Между тем и через десять лет после того, как прозвучало это указание, дела на ниве построения советской классической музыки обстояли, по всей видимости, неутешительно:
Скупо откликалась на глинкинские заветы и, в частности, на задачу развития русской народно-плясовой музыки советская симфоническая музыка. <…> Обращает на себя внимание отсутствие Камаринской именно в той области, куда ее впервые ввел Глинка, – в симфонической музыке1683.
Композиторы же слабо защищаются:
Должен сказать, я не раз задумывался, почему знатоки музыки, которые обычно так легко обнаруживают связи между конструкцией первой части моей Седьмой симфонией и «Болеро» Равеля, не замечают непосредственного воздействия на мое оркестровое мышление «Камаринской», которую я всегда изучал и буду изучать до конца моих дней, как высший образец инструментовки, органически вытекающей из самого материала1684.
Так Шостакович пытается пристроить свою собственную «генеалогию» к прокрустовому ложу идеологии начала 1950-х. Ведь Глинка уже окончательно причислен к тем неизменным прототипам музыкального творчества, которым должна следовать любая эпоха, поскольку
<…> нельзя назвать ни одного из крупных русских музыкантов или музыкальных критиков XIX века, который не обратился бы к Глинке, не признал бы его своим образцом, не посвятил ему лучших слов, какие только мог сказать: реализм Глинки, его народность, прогрессивное значение его искусства осознавались всеми1685.
Для композиторов ХХ века он должен стать таким же главенствующим примером, как и для их предшественников.

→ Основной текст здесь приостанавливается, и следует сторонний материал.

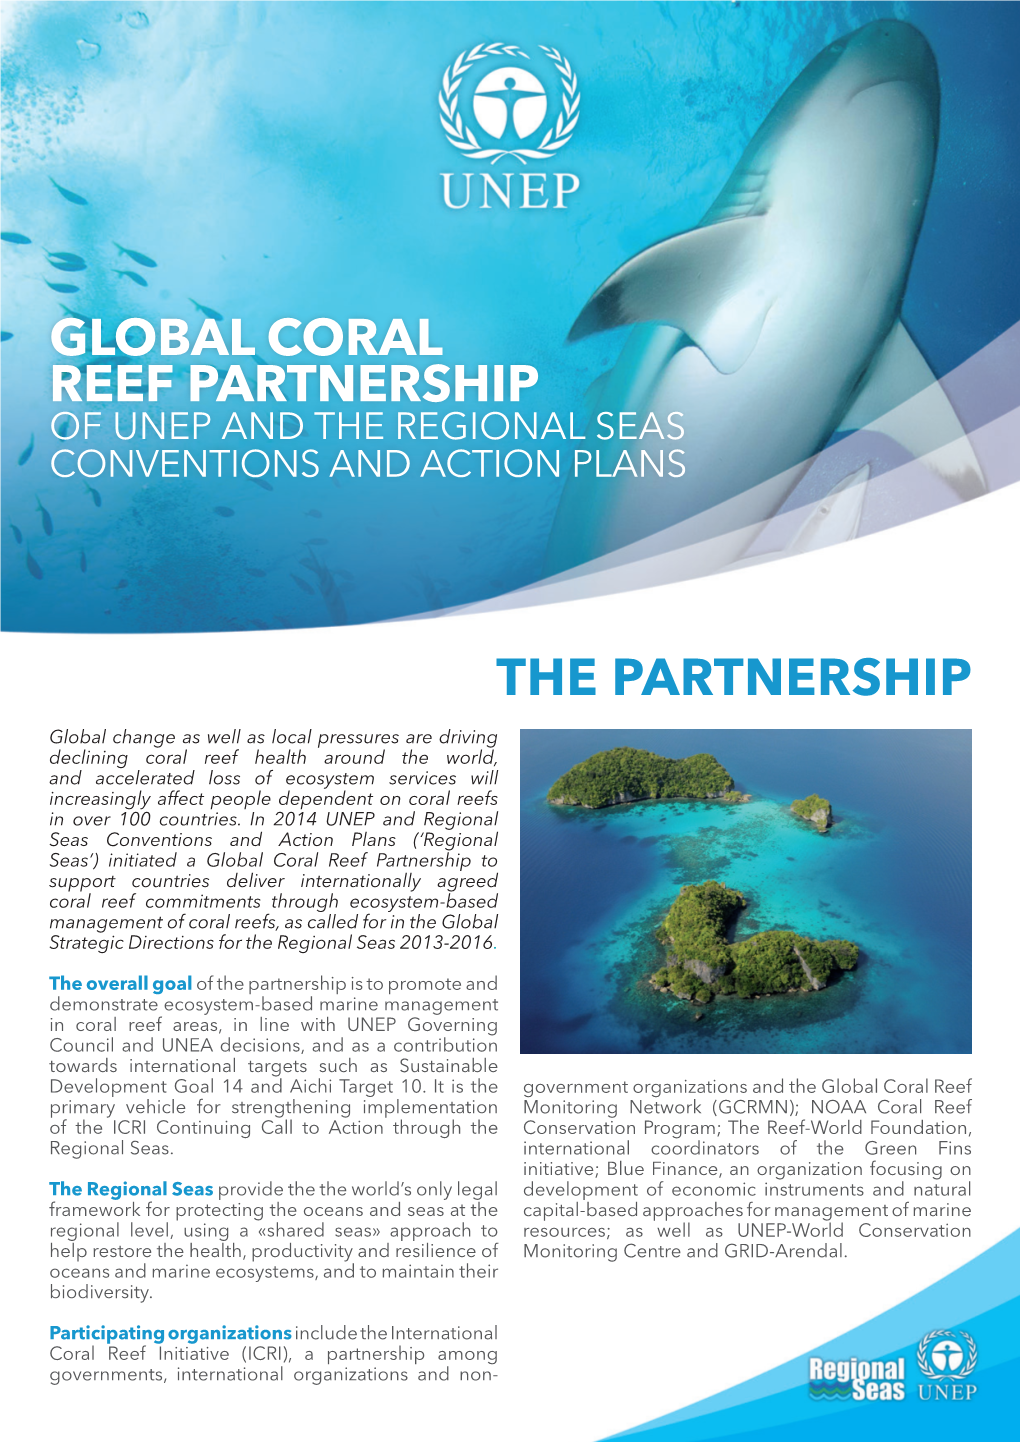 Global Coral Reef Partnership of UNEP and the Regional Seas Conventions and Action Plans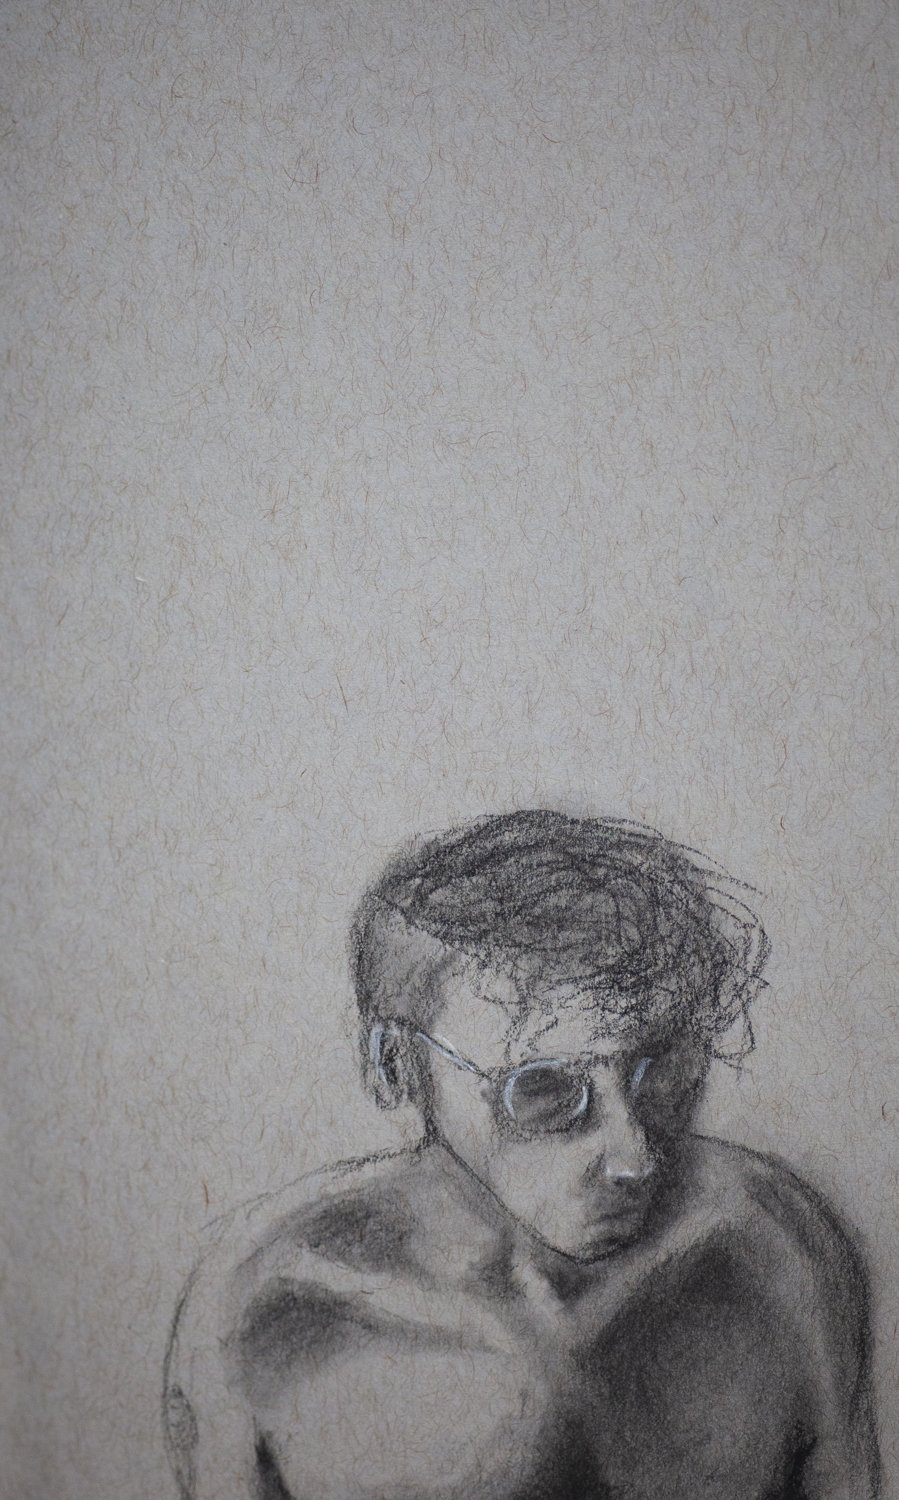   Untitled.       2020. Charcoal on Paper.  5.5 x 8.5 in (14 x 21.6 cm)

Временнáя и эстетическая дистанции не имеют значения.
Как предполагается, идя по пути Глинки, композиторы смогут создать ту классику, которая станет как бы «исправленным и дополненным переизданием» прежней, XIX века, так как рецепт ее готов: выведен Асафьевым, кодифицирован Ждановым и размножен многочисленными трудами «верных глинкианцев».
Формирование «урегулированных воспоминаний» (Й. Куленкампфф1686) закономерно порождает фантом «урегулированного будущего».
Глава V
«ПЕРЕКОВКА» ЧАЙКОВСКОГО
Отношение к творчеству Чайковского в русской музыкальной культуре в предреволюционные годы оказалось весьма специфичным. Со дня его смерти прошло около двадцати лет – для истории срок минимальный, – а он уже воспринимался самой широкой публикой как безусловный, если не «первый» по рангу классик отечественной музыки. Однако это ощущение парадоксально уживалось с приятием его художественного мира как интимно-близкого и по-прежнему современного для большой и все расширяющейся слушательской аудитории. Эту оценку в 1910-х годах активно начало оспаривать «современничество», которое, в сущности, не могло вменить в вину классику ничего, кроме его сроков его жизни – еще не слишком «древних» для возникновения «археологического» интереса, но уже недостаточно «современных» для того, чтобы пробудить любопытство к новизне как таковой. Так, В.Г. Каратыгин писал:
Самое скучное искусство – это искусство вчерашнего дня. Наоборот, тяготение к современности, к последним словам музыкального искусства так часто и так легко, в силу своеобразной склонности нашей психики к контрастным вкусам, совмещается с искренней нежной любовью к старине1687.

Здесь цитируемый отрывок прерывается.